The Independent Workers’ Union of Great Britain, which represents workers in typically non-unionised roles, including cleaners, receptionists, charity workers and game developers, also saw a spike in March in the number of new joiners younger than 35. The numbers are modest overall, but the rise has been significant and continuing. There were 146 young recruits in March, compared to an average of 78 in the previous four months, and 93 in the following four months. IWGB President Henry Chango Lopez says, “Young members are joining the IWGB because Covid-19 has made it chillingly clear that not even our most basic rights, not even our health and safety, can be taken for granted in this crisis."

Yet even if the pandemic is exposing the importance of employee organising, it may be making such organising harder. Converting current momentum into sustained change will be the harder part. 

As Simms points out, “when there’s a recession and associated job losses, union memberships go down for the very obvious reason that people lose their jobs”, while those who don’t can be reluctant to rock the boat.
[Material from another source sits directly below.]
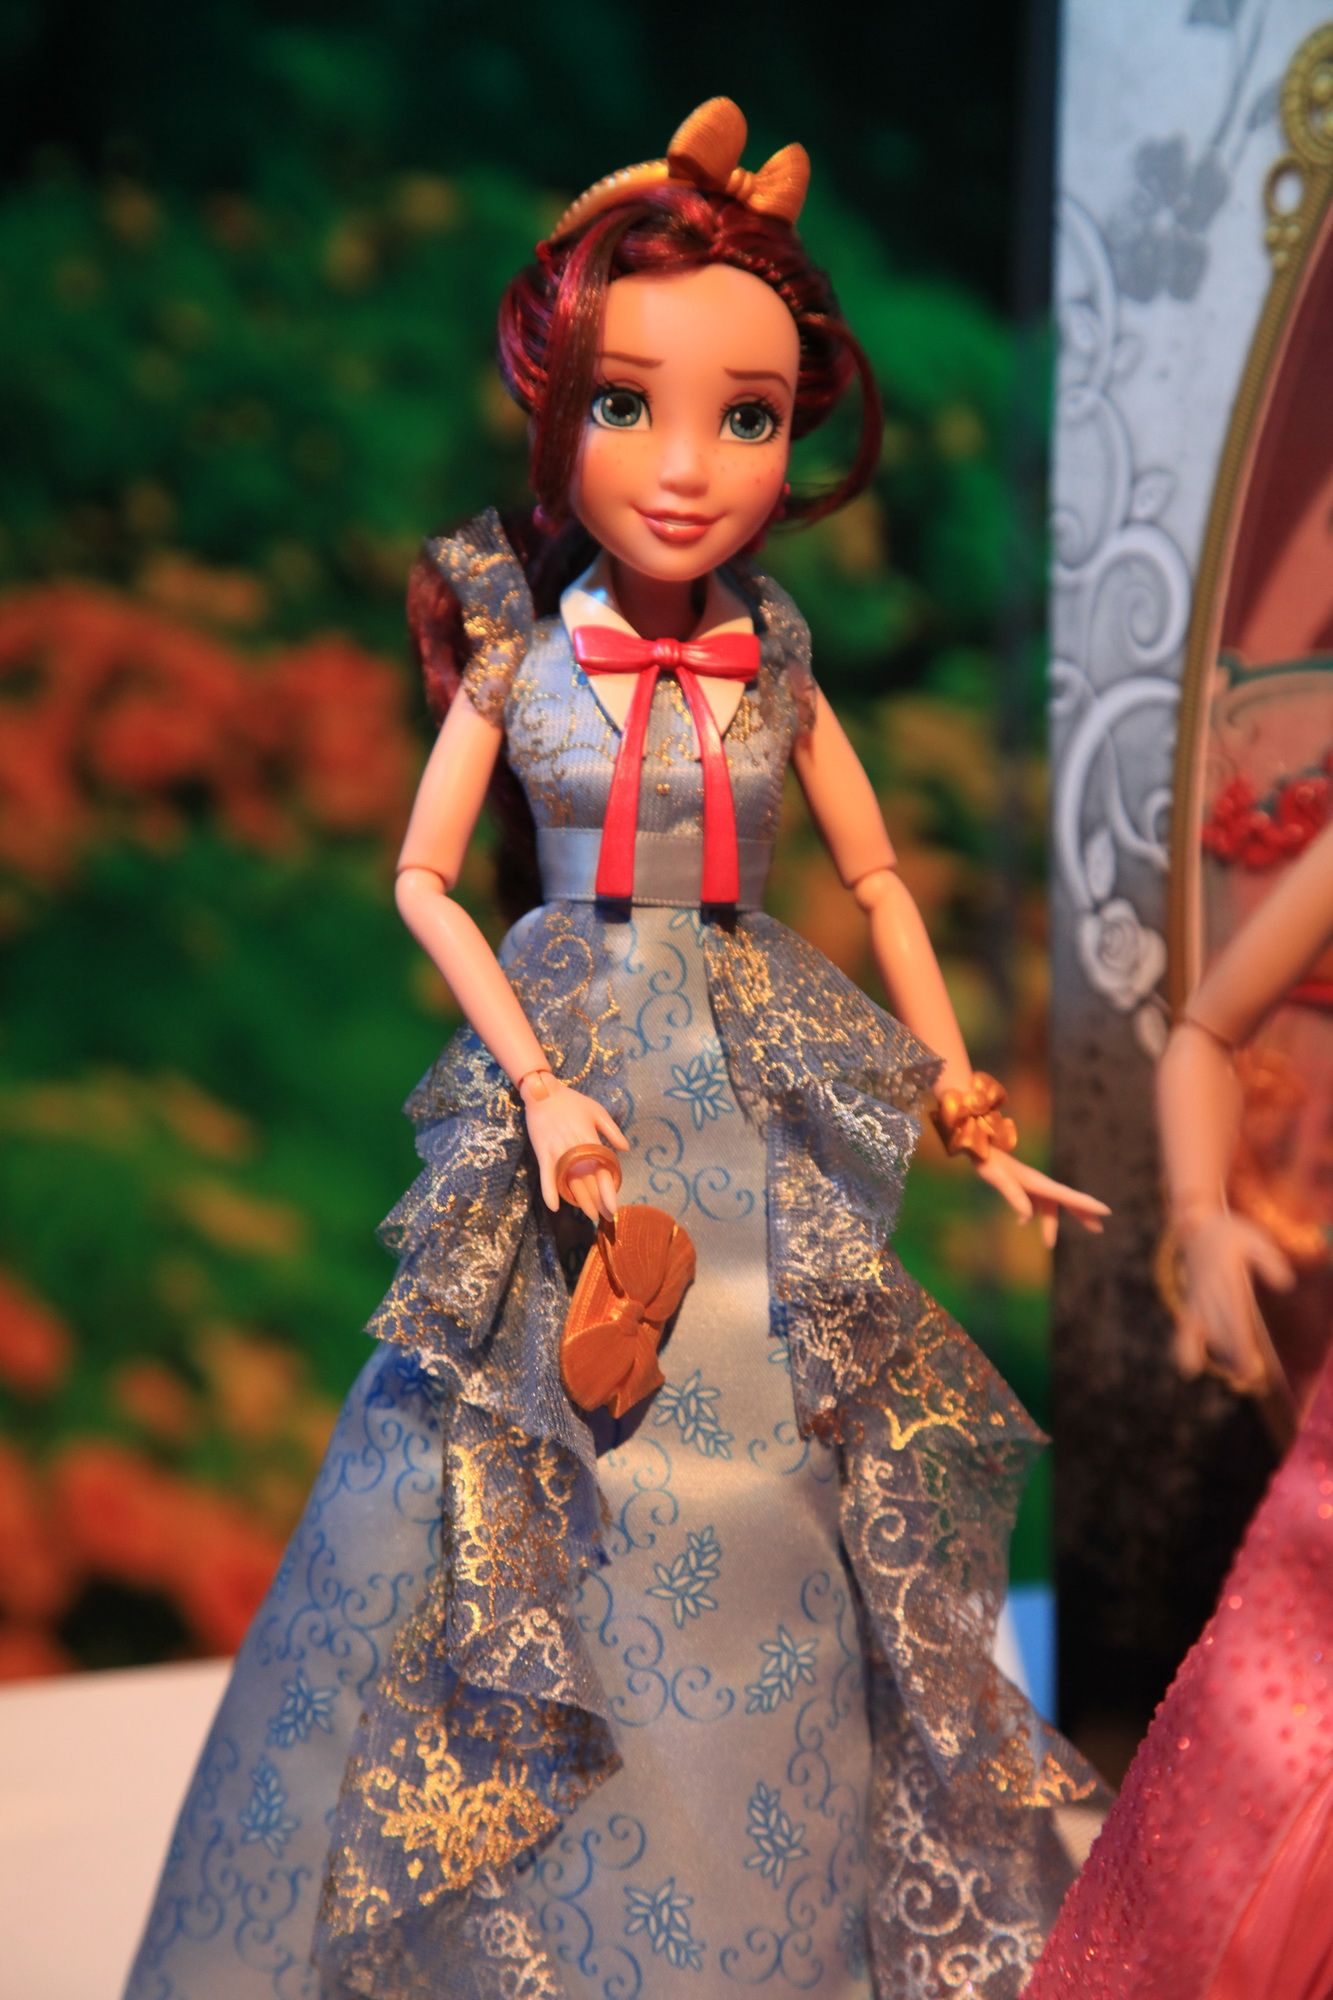 Disney Descendants Jane Daughter Of The Fairy Godmother In Her

Simms asks rhetorically, “Why would you go to war with your employer when most people haven’t got a job?”

A secondary effect of the pandemic will be to increase people’s perception in general that workers need more power - Anna Stansbury

According to both Simms and Stansbury, to ensure sustained progress, the pandemic-era organising will need to build toward pushing for changes to government regulation on issues like workers’ rights in the gig economy. 

In York, Rhodes Bernays has moved quickly through union ranks and become a community initiative officer locally and a recruitment officer nationally. He acknowledges recruiting among couriers is hard work. But he says many of the younger riders have some activism experience already, and that it’s common for youth to be searching for meaningful community online. Ultimately, he’s optimistic about channelling these energies into labour organising if the offer is made attractive. 

It’s too early to tell whether the Covid-19 effect will ultimately be just another anomaly in the overall trend away from the unionisation of the young. But Stansbury is already anticipating some upsides for the workers. 

“I think a secondary effect of the pandemic will be to increase people’s perception in general that workers need more power, particularly essential workers who’ve been working the vital jobs our society needs to keep functioning, having to endanger their health and that of their family, and for very low pay. Thinking of unionisation as a justice issue, and broadening its support base, may help create the political conditions necessary to pass pro-union reform and policies.”